• What the task requires: Write out the data word for word, taking care that no picture is carried over.

• Supplied information:
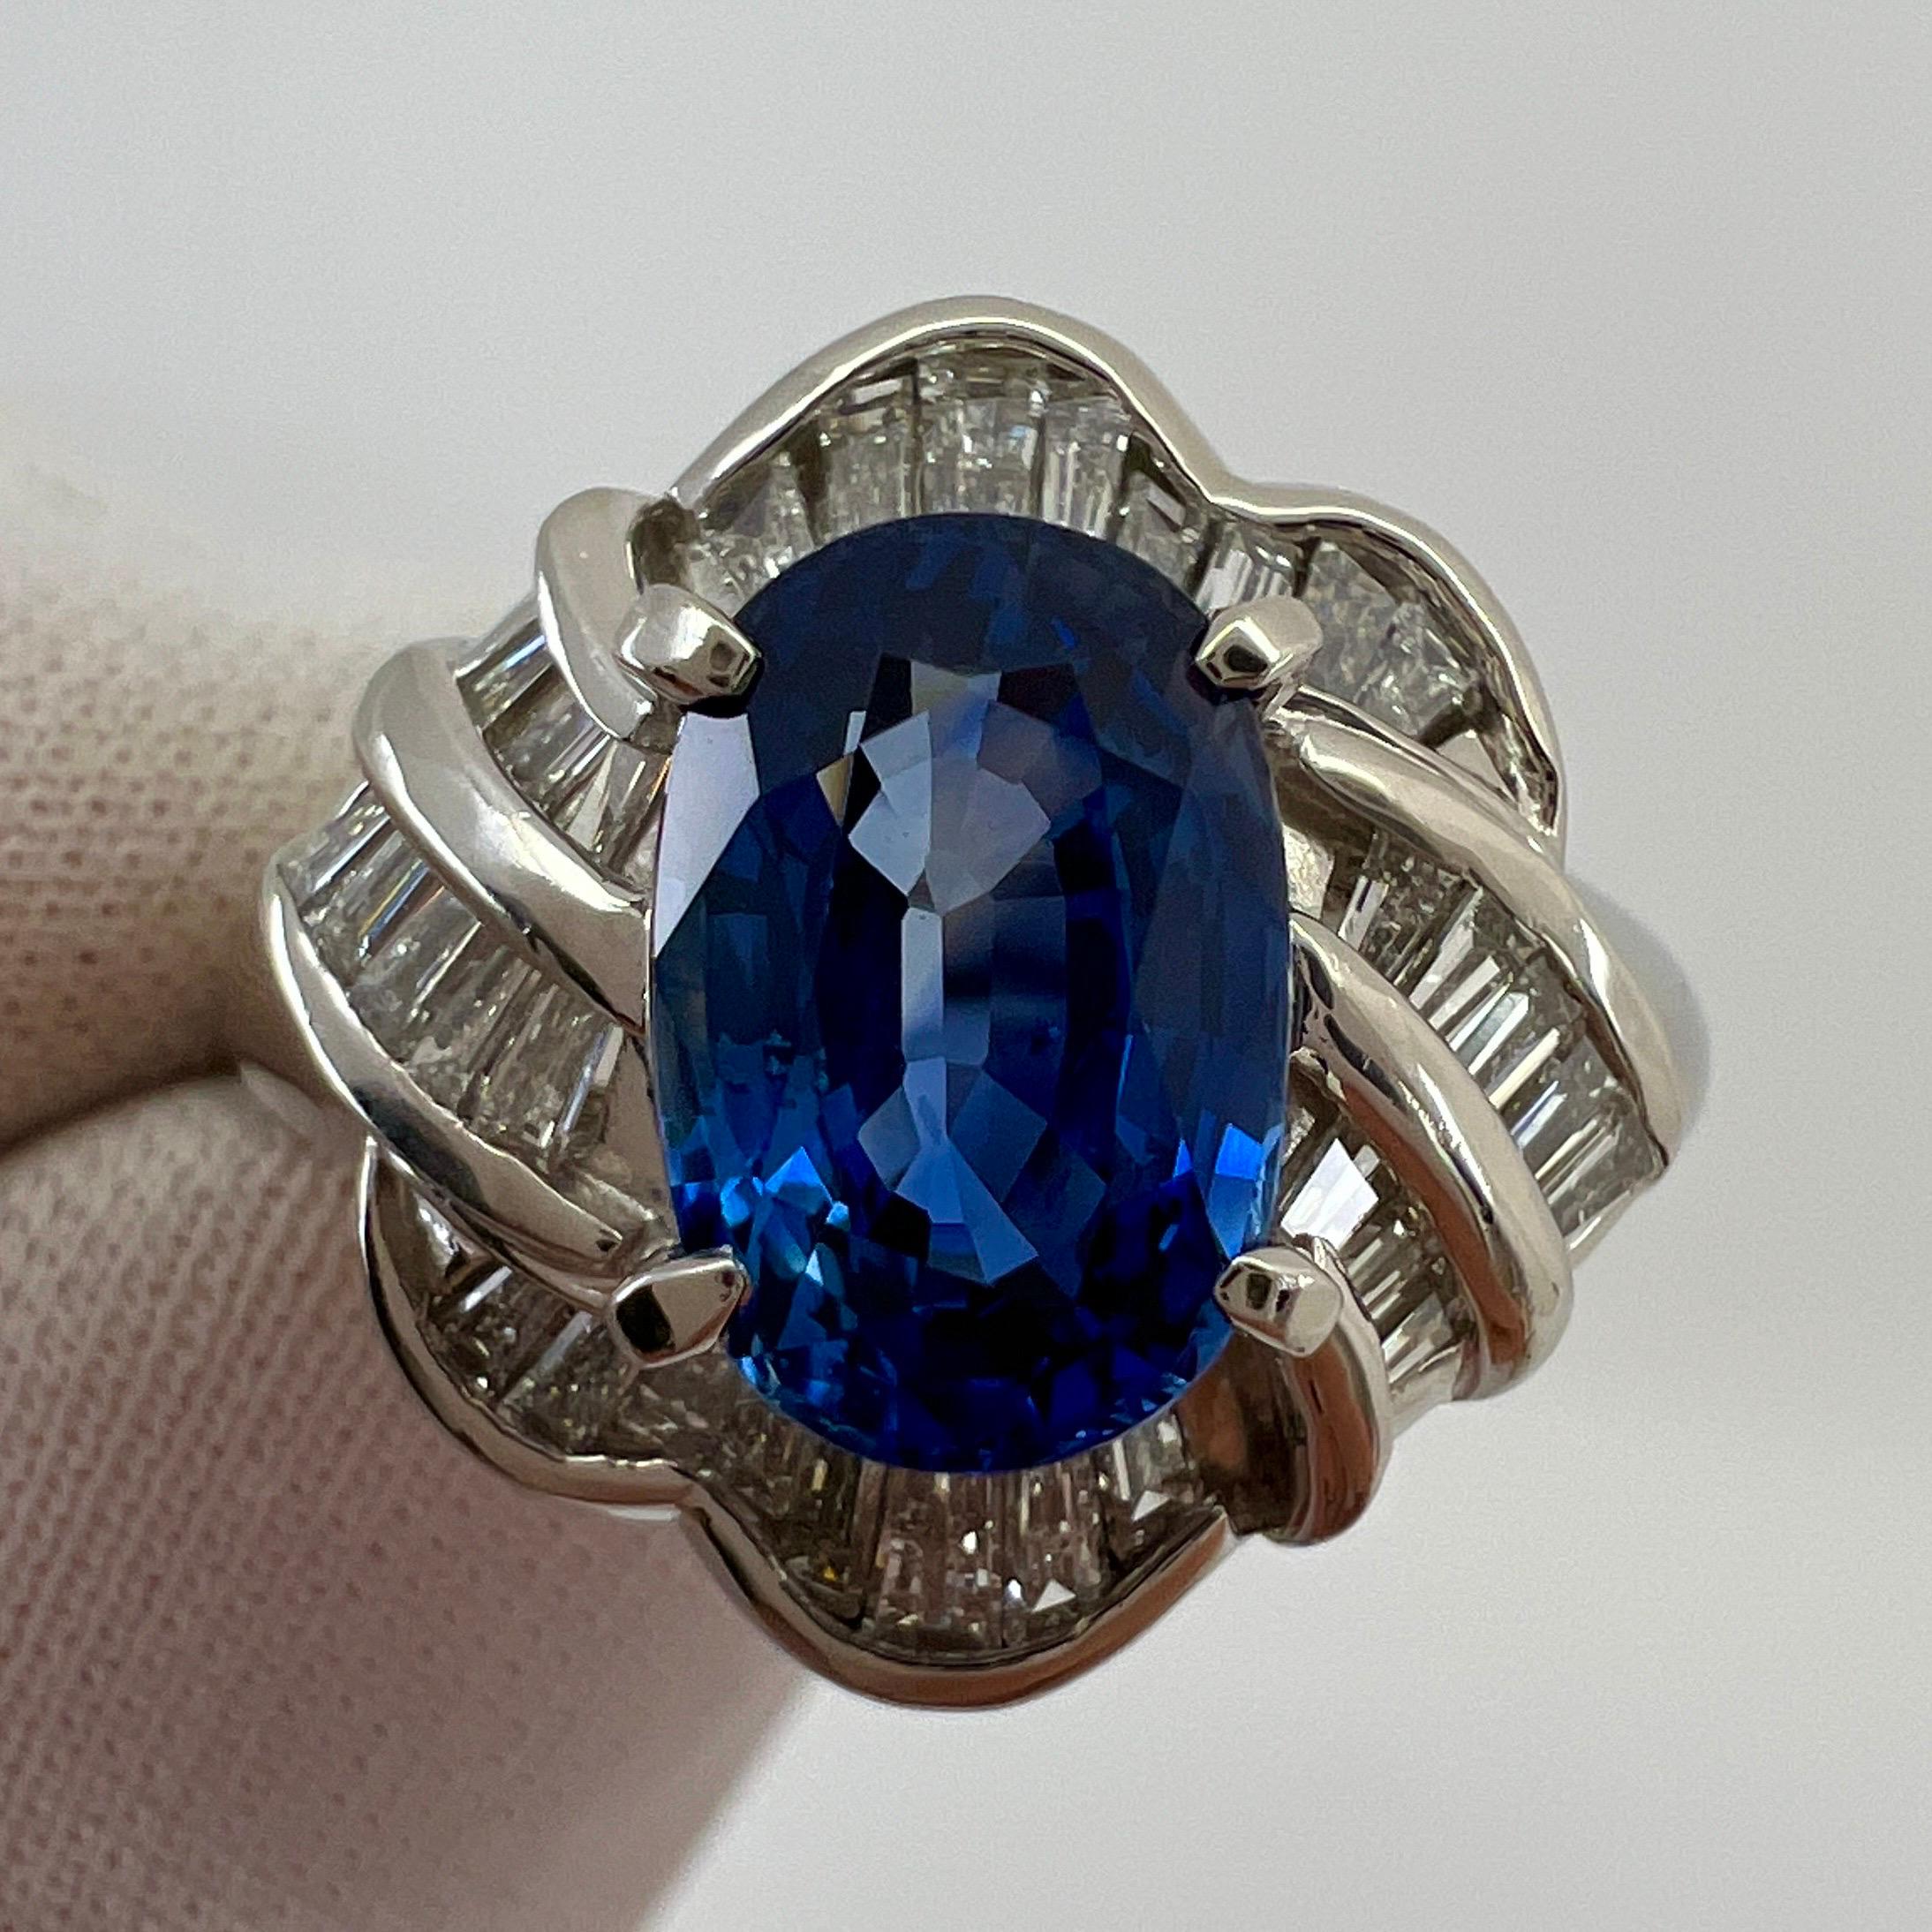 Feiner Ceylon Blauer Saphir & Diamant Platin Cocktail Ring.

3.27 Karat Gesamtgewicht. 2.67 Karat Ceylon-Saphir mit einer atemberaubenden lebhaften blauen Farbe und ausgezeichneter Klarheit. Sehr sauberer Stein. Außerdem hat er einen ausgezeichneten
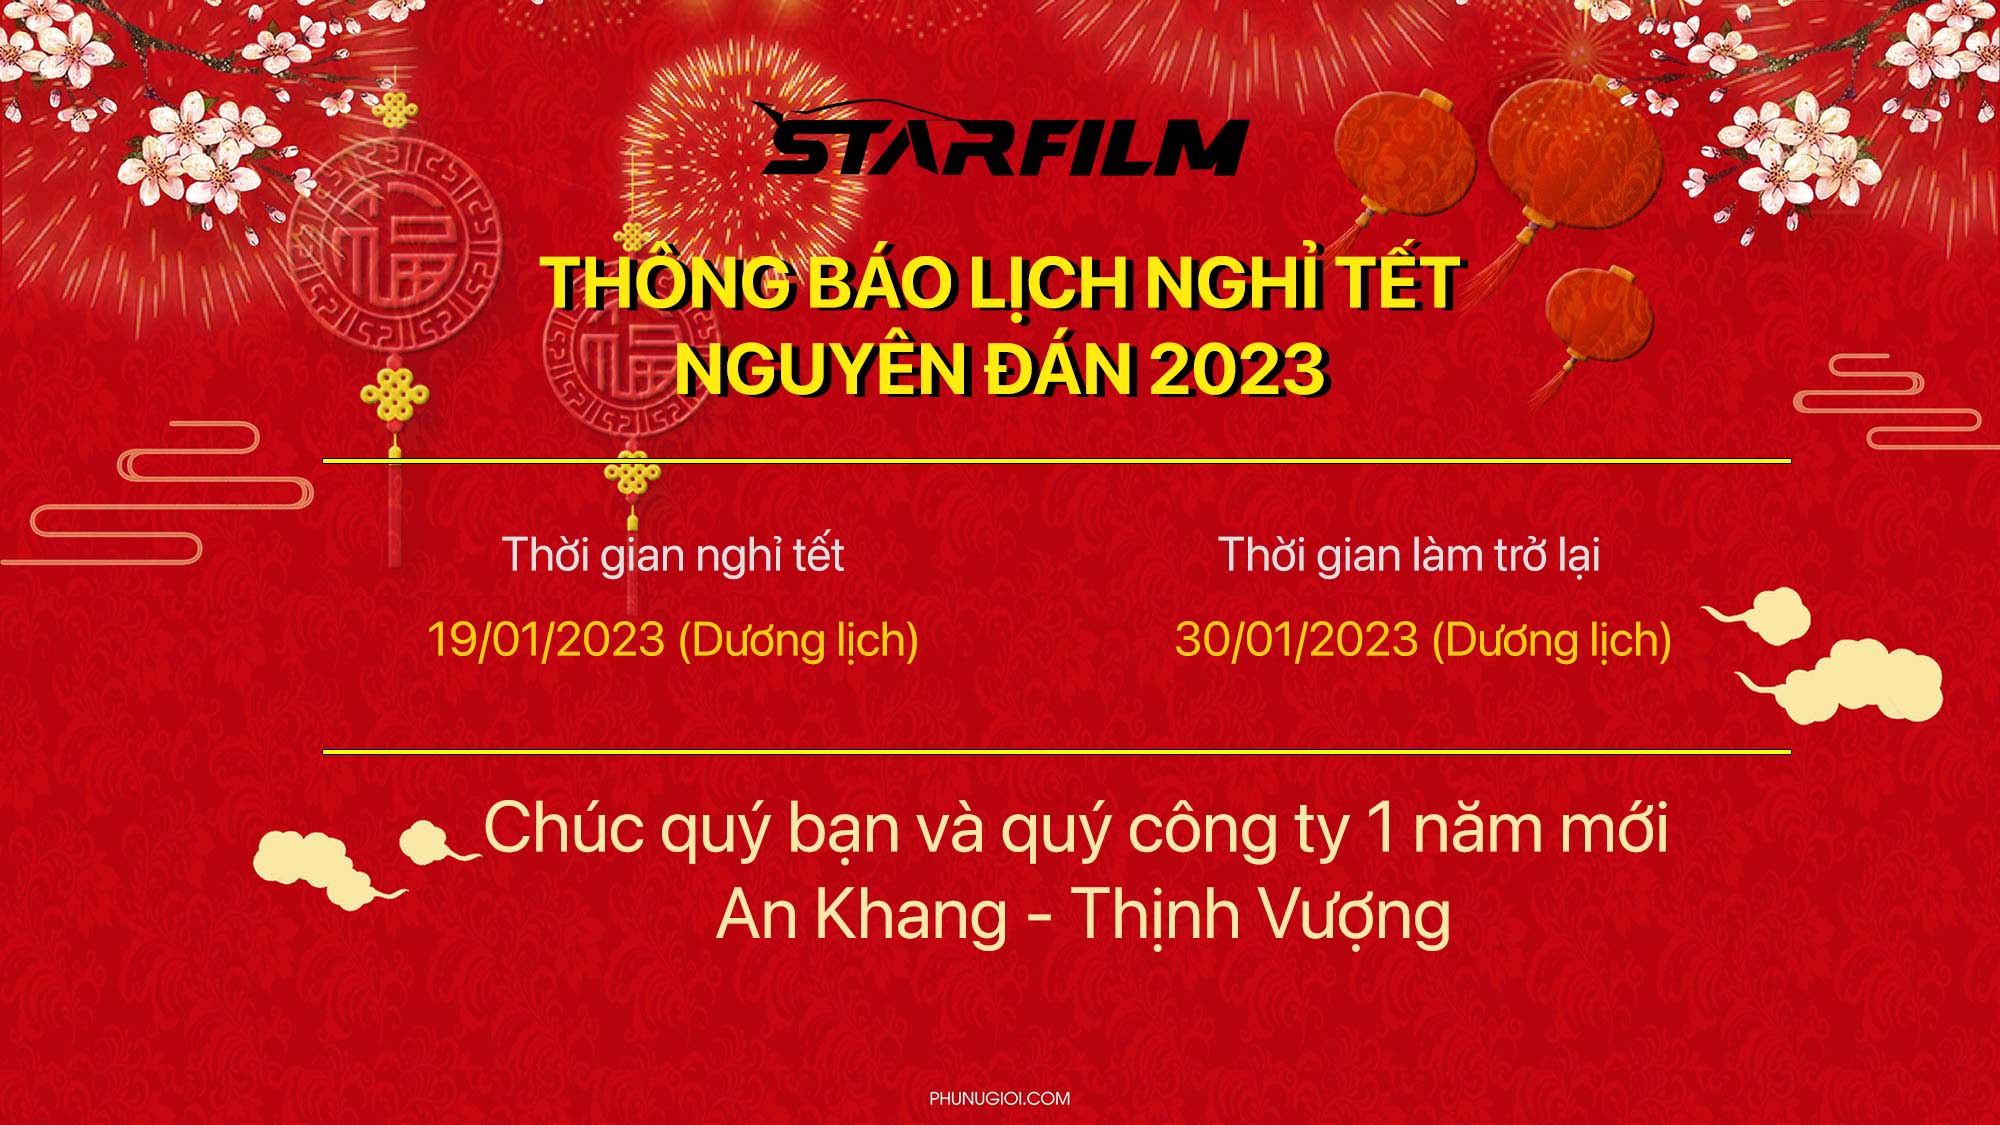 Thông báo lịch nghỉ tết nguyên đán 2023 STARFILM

• Answer area:
 Feiner Ceylon Blauer Saphir & Diamant Platin Cocktail Ring.

3.27 Karat Gesamtgewicht. 2.67 Karat Ceylon-Saphir mit einer atemberaubenden lebhaften blauen Farbe und ausgezeichneter Klarheit. Sehr sauberer Stein. Außerdem hat er einen ausgezeichneten
 Thông báo lịch nghỉ tết nguyên đán 2023 STARFILM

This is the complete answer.